Round 2: Contested Seizure versus Skitarri Hunter Cohort
Terrain was below par with a large, 9" wide open ice river in the middle running across as 60" of table. Deployment was table quarters. Opponent had three disintegrators with ferrumite cannons and lascannon ironstriders. Great guy, really rough map for Death Guard. The mission is a heavily modified version of The Relic. Had my Warlord and Blightlords pick up a relic (yay!) and then advance into the open turn 2 with most things coming on from reserves and moving in to fight or do the action. This is where I found out, with my warlord sitting in the open on turn 3 in front of 12+ lascannon shots plus 9+ krak missile shots, that you can only pick up one relic per game. Great rules clarity
GW! Nearly pulled out a win (forgot the mission reinforcements rule which would have handily won me the game), lost after my opponent made a 4+ advance roll, would otherwise have tied which it did not look like I should have been able to do given the state of the board (triple disintegrators on a huge firing lane will do that).
A good round, good mission, great opponent, inadequate terrain.
Round 3: Lightning Strike versus Ironstorm Marines
I'm not going to describe the mission other than to say this appears to have been a gimme for the Imperium after the Imperium ended up dead last after the first day. Chaos/Interloper deploys in the center 13" diagonal stripe, Imperium deploys on opposite table corners, Imperium always goes first. Played into tournament ready Ironstorm that could pick up additional alpha strike from their roster, knowing they had first turn. Terrain would have been good, frankly, but was unfortunately a series of T shaped obscuring ruins. So anything hiding in the center DZ would be shootable from one of the two Attacker deployment corners. Literally no place to hide. Tabled top of turn 3 despite reserving half the army to make a play of it turn 2. People paid $300 to be fed to their imperium opponents to even out the scoring.
Round 4: Light the Beacons versus Imperial Knights
I want to preface this with the Knight player is a great guy. Cool opponent, not his fault the mission did this. Not going to describe the mission again, just deployment, this was another "Who's going first? Cool, GG." round at this $300 event.

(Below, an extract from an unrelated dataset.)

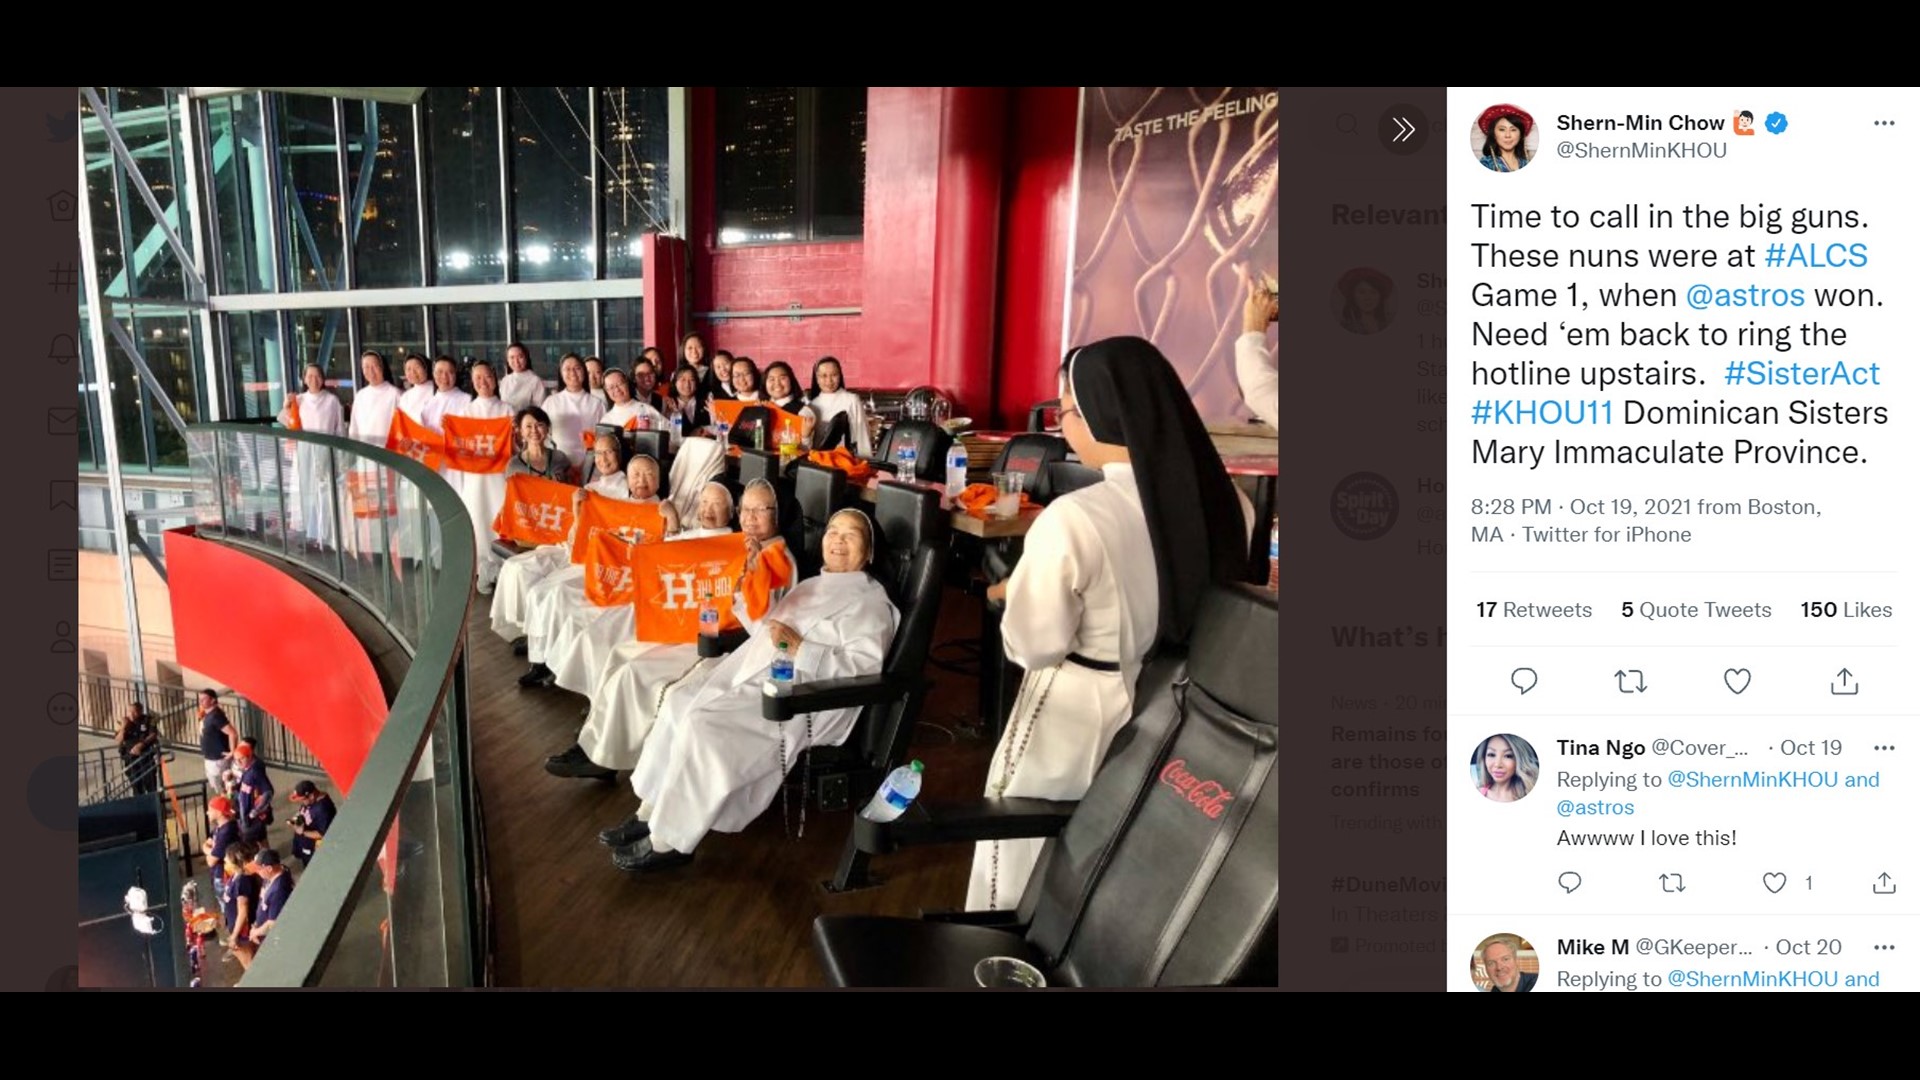 Mattress Mack introduce some new good luck charms for the Houston Astros: Nuns from the Dominican Sister of Mary Immaculate Province.

Deployment was, to make it simple, alternating deeptrikes. You can deploy INSIDE NINE INCHES but outside 3 inches of an opposing unit at the cost of
D6 mortal wounds. Now, if you're Knights (of either flavor), you just deploy at 9" and call it a day. Either you lose, or, in my case the knight player won the roll off for first turn and tabled me on turn 2 (which I would honestly have been doing to him if I had won the roll off)
At this point I confirmed that I could move my flight forward two days and literally took the midnight flight home, saving a day on hotel and food expenses. I did not play the next two rounds but will give my impressions of the rules and deployments.
Round 5: Frontline Withdrawal
THE DEPLOYMENT ZONES. ARE SIX INCHES. AWAY. FROM. EACH. OTHER. I woke up sick, at noon, having driven an hour from the airport at 3am, and I'm still glad I didn't stay.
Round 6: Terminus offensive
This actually looks like a good mission with normal deployment zones?
So 3 out of 6 missions, for a $300 event (plus airfare and hotel for some) were actually good and not a coin flip or purposefully tilted towards one faction winning. Terrain that, to be unsparing, is thematic for local gaming groups circa ten years ago (with less than a dozen or so noticeable exceptions) The ending performances were supposedly good. Would be interested in whether anyone ever had to actually utilize any of the Chalnath lore, which was suggested in the event primer, I didn't see any references at all to it. Similarly, the Great Gun only had relevance in the final performances and at no other point.